Well, I'm sticking with giving Woodturningz my business. As everyone knows s%7t happens, but a company that makes things right quickly without quibbling is well worth betting customer service will stay good.


----------



## bradbn4 (Dec 28, 2007)

I have ordered a buch from Woodturningz - and they were one of my first orders when the bug hit me.  The normal "cheap" kits - well I can do without.  If I want to go low end - I order the Chrome or Nickel - that way the pen hardware will last.

Bradbn4 - Colorado is a cool place to be, around 5 outside right now


----------



## jrc (Dec 29, 2007)

I think there should be a topic on this sort of thing. If someone gets some bad kits, everyone should be aware of it.
I posted something about these kits I got from WZ the first of December.


----------



## loglugger (Dec 29, 2007)

These kits have been around for over a year. I have 16 that I had to eat because I waited about 11 months to put them together. Check your kits when you get them or you way be out of luck. The kits are from WZ.
Bob


----------



## DocStram (Dec 30, 2007)

> _Originally posted by loglugger_
> 
> These kits have been around for over a year. I have 16 that I had to eat because I waited about 11 months to put them together. Check your kits when you get them or you way be out of luck. The kits are from WZ.
> Bob



Bob ... did you talk with WZ about returning them?


----------



## loglugger (Dec 30, 2007)

Al, Yes I did, long story, I called and they said I had bought them 11 months ago and that was to long. The tubes were to big the tips and transmissions slide in very easy I sent the tubes back anyway and they did send me new tubes but that didn't do the job, it helped and with a little CA I got the tips to stay in but the tubes still slipped and would not turn the transmission. That is why I said to check the kits when you get then but it is kind of hard to see if the tips are going to fit until you put them together. I have always gotten the Fancy pen kits from them and up to that time they had been good. I get 20 at a time and always keep 20 ahead is why it had been 11 months.
Bob


----------



## tnick (Jan 5, 2008)

Hello Gang - This is Tracey from Wood-N-Whimsies.  Tim and I are reading all the posts and as pen turners and suppliers we value opinions from everyone.

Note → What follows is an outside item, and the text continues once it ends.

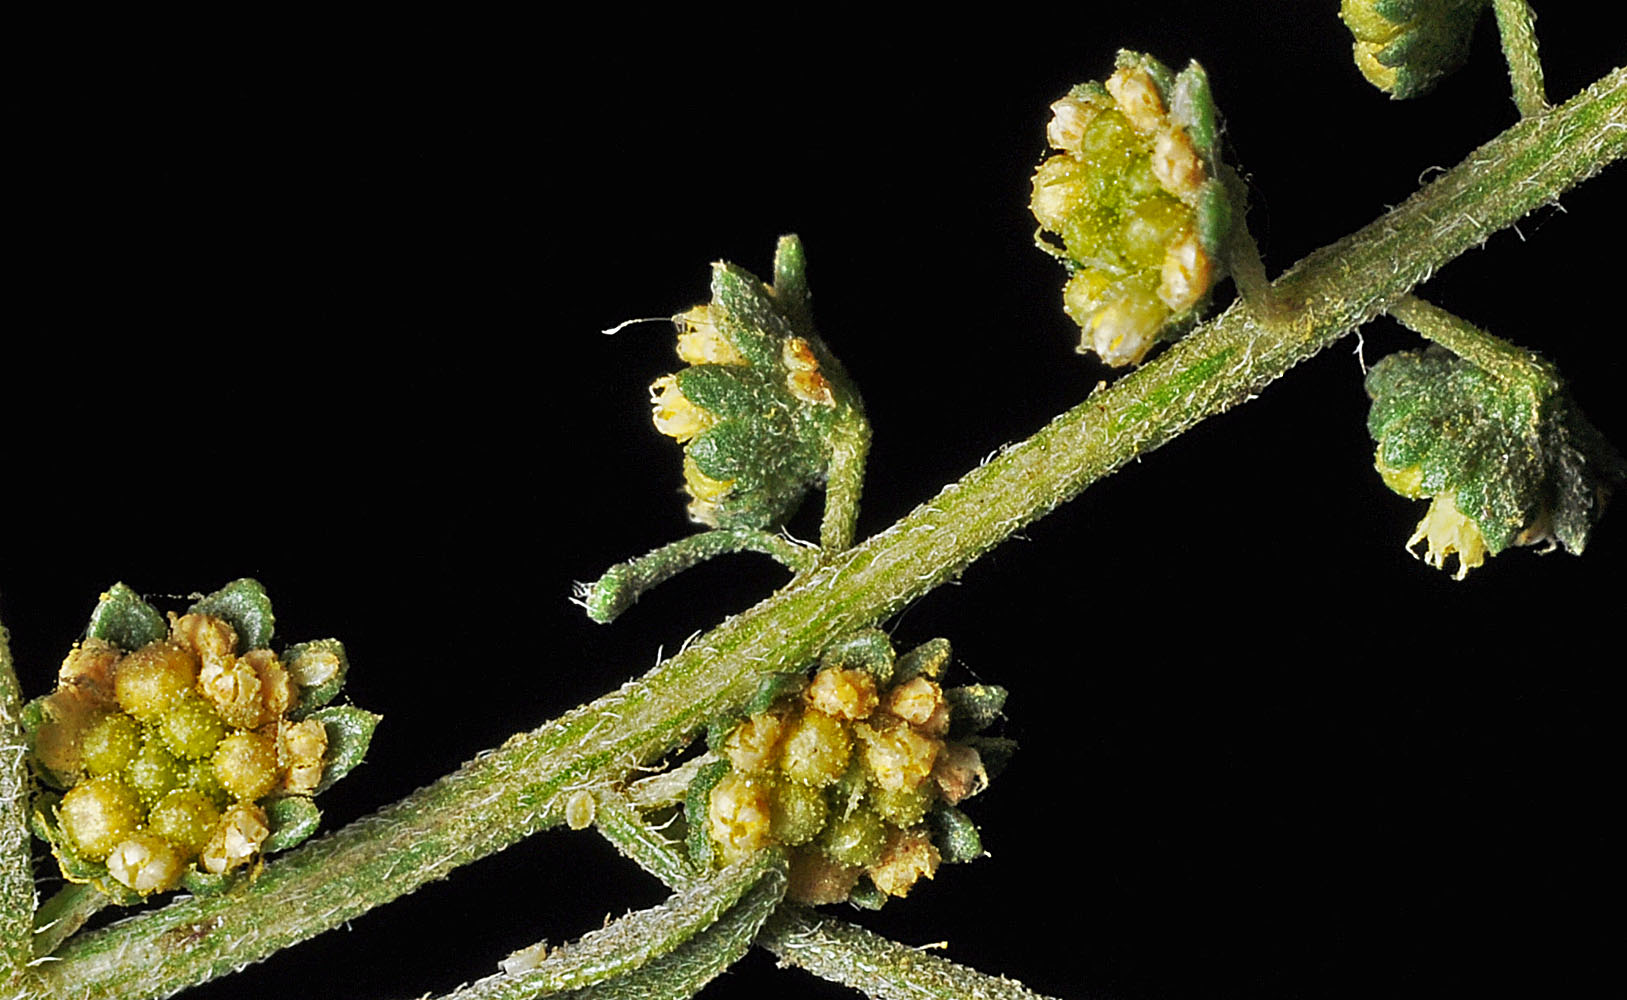 Flora of Eastern Washington Image: Ambrosia acanthicarpa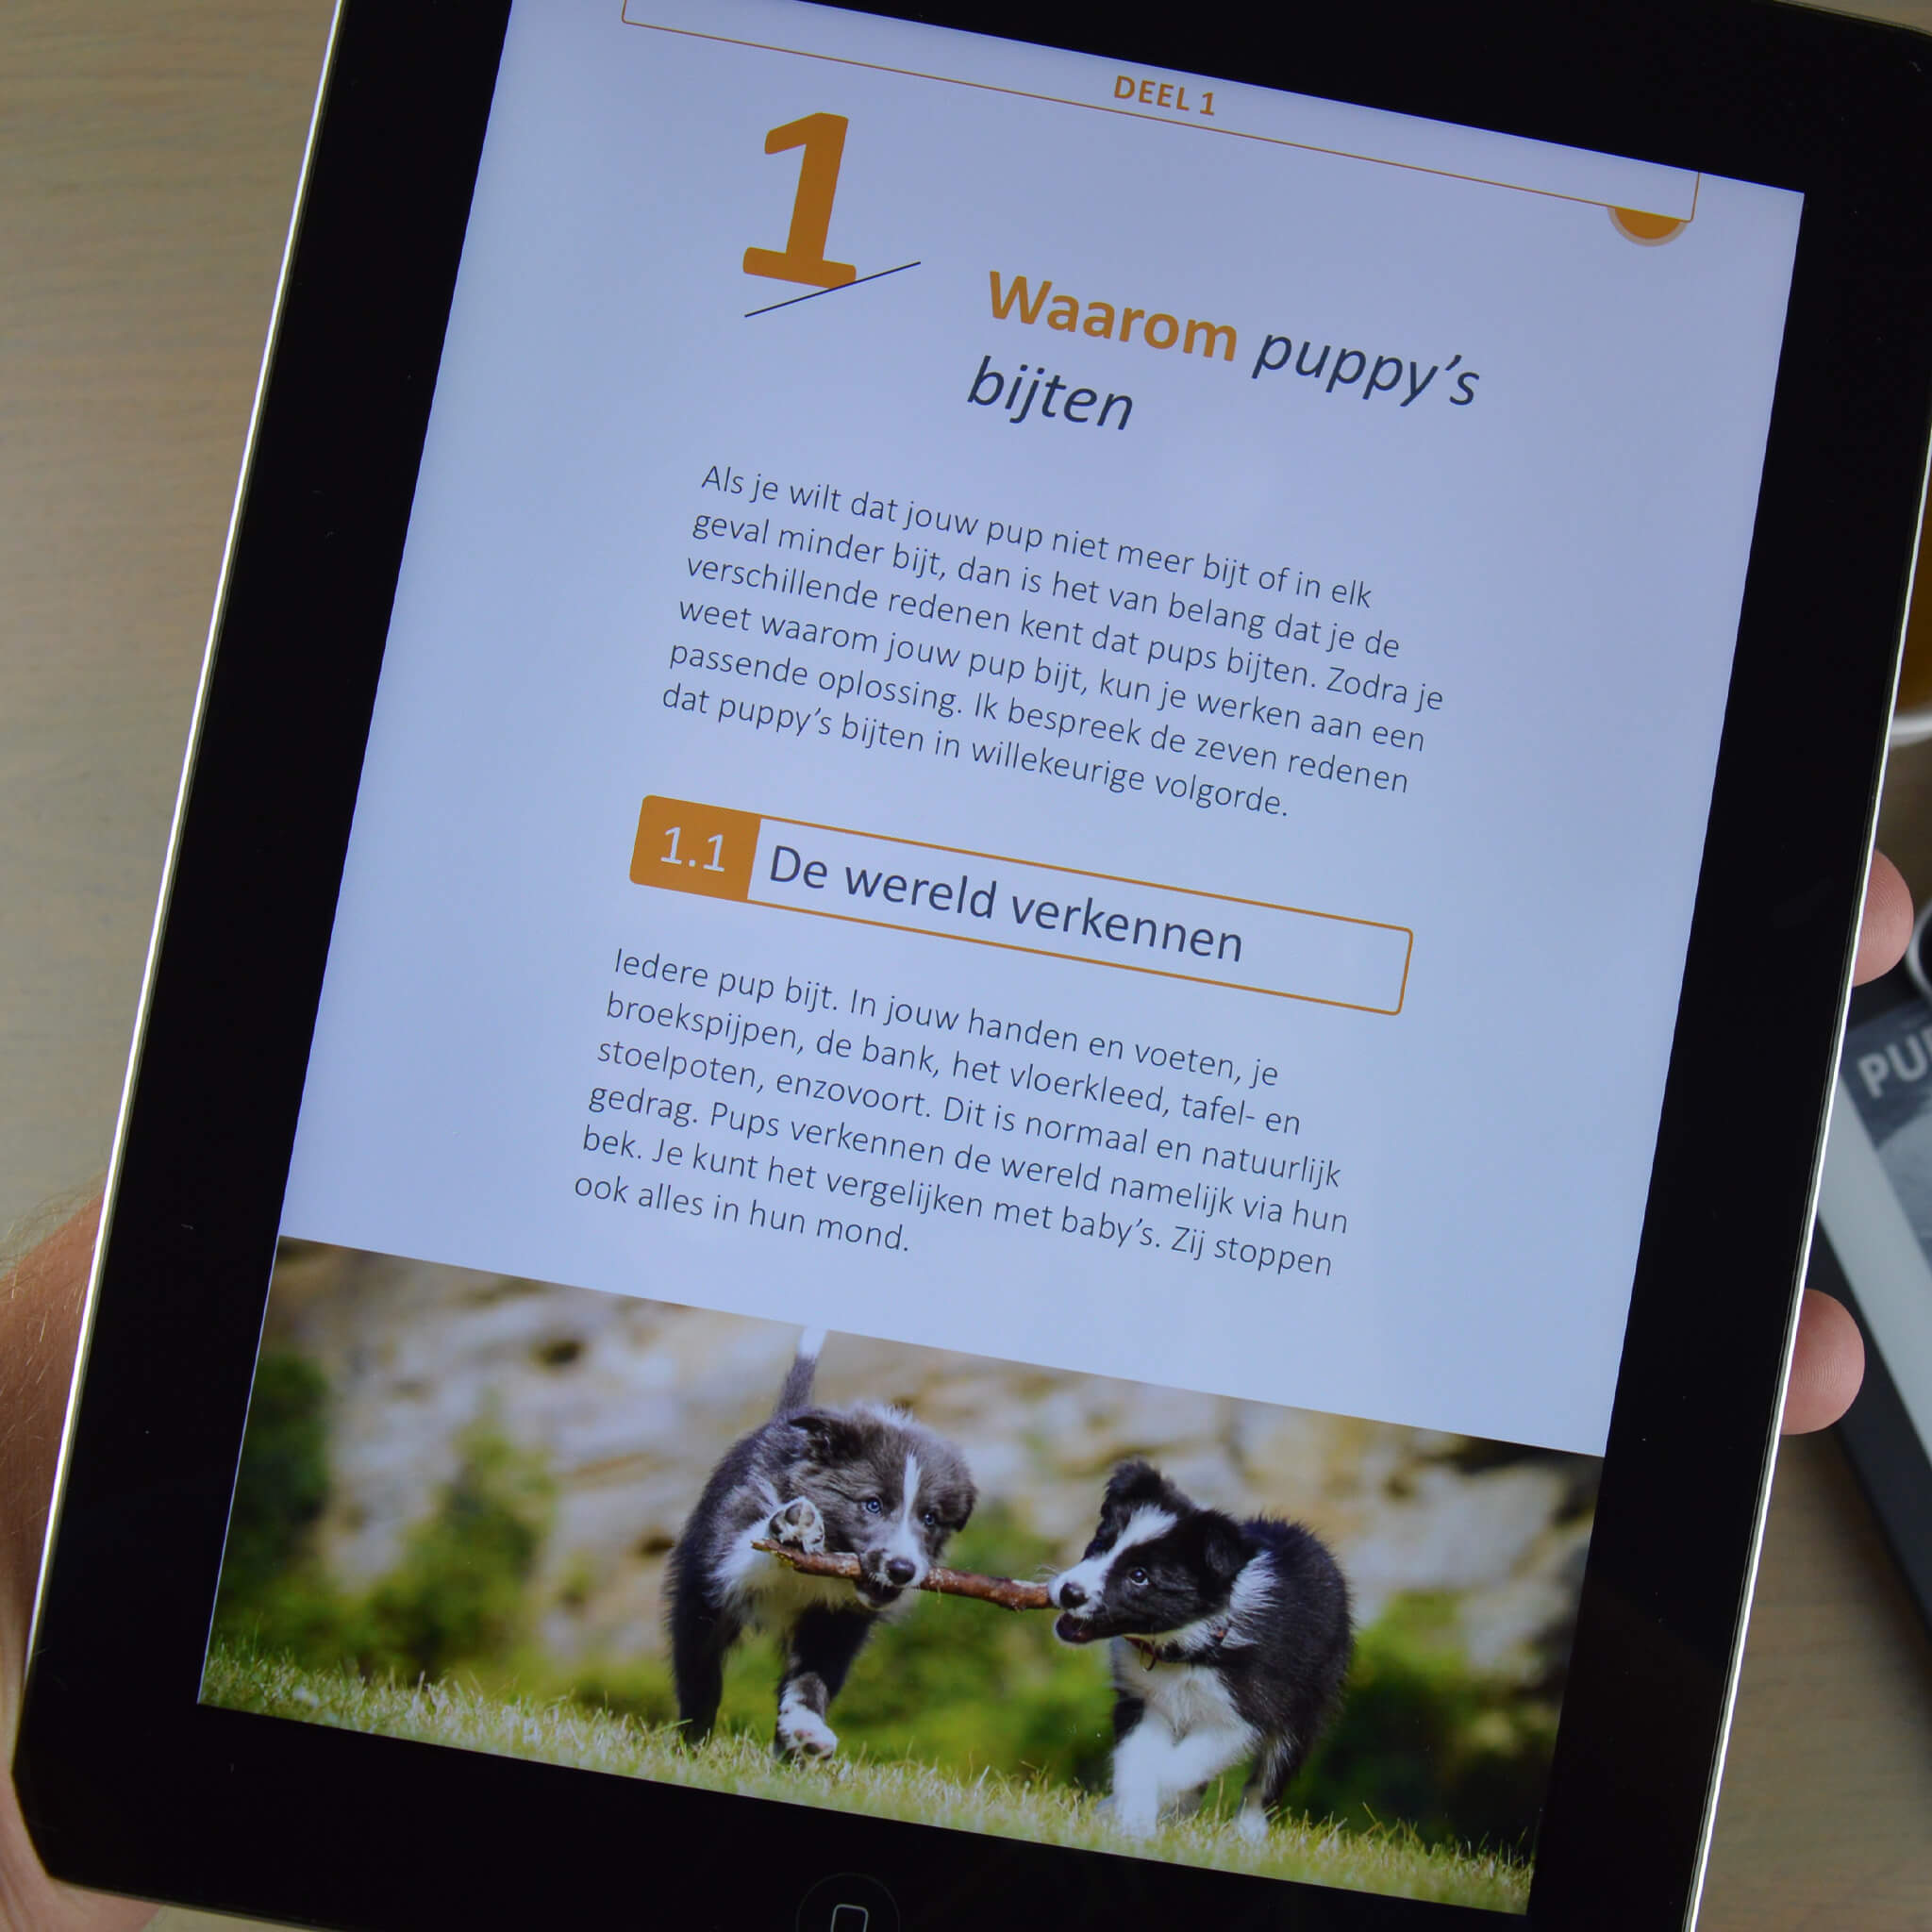 Het Ultieme Puppy Bijten Afleren Handboek (ebook)

We have been using the same supplier for all but the first six months of our existence.  We do take a sample of every shipment that comes to us and work with our vendor if there are quality issues.   We do rely heavily on customer feedback to make improvements and take it seriously as we also turn these kits.   We work hard to balance quality/price.    Greed is not part of our motto.  We started supplying because we wanted to be able to help people get the supplies they wanted for their turning projects at a fair price.   You can't rip people off and get them to come back for more.  We do stand behind everything we sell regardless if it's from PSI (via their overseas supplier) or ours.   We know we can't please everyone 100% of the time but do aim to please the majority.  If you have suggestions at any time feel free to let us know.  [:I]


----------



## ed4copies (Jan 5, 2008)

To all:

Since Tracey has posted, I feel obliged to say she and Tim have treated ME very well.  Their products are not always perfect - I seldom complain, but when I make a "casual comment" the next order includes FREE parts to make up for any problems.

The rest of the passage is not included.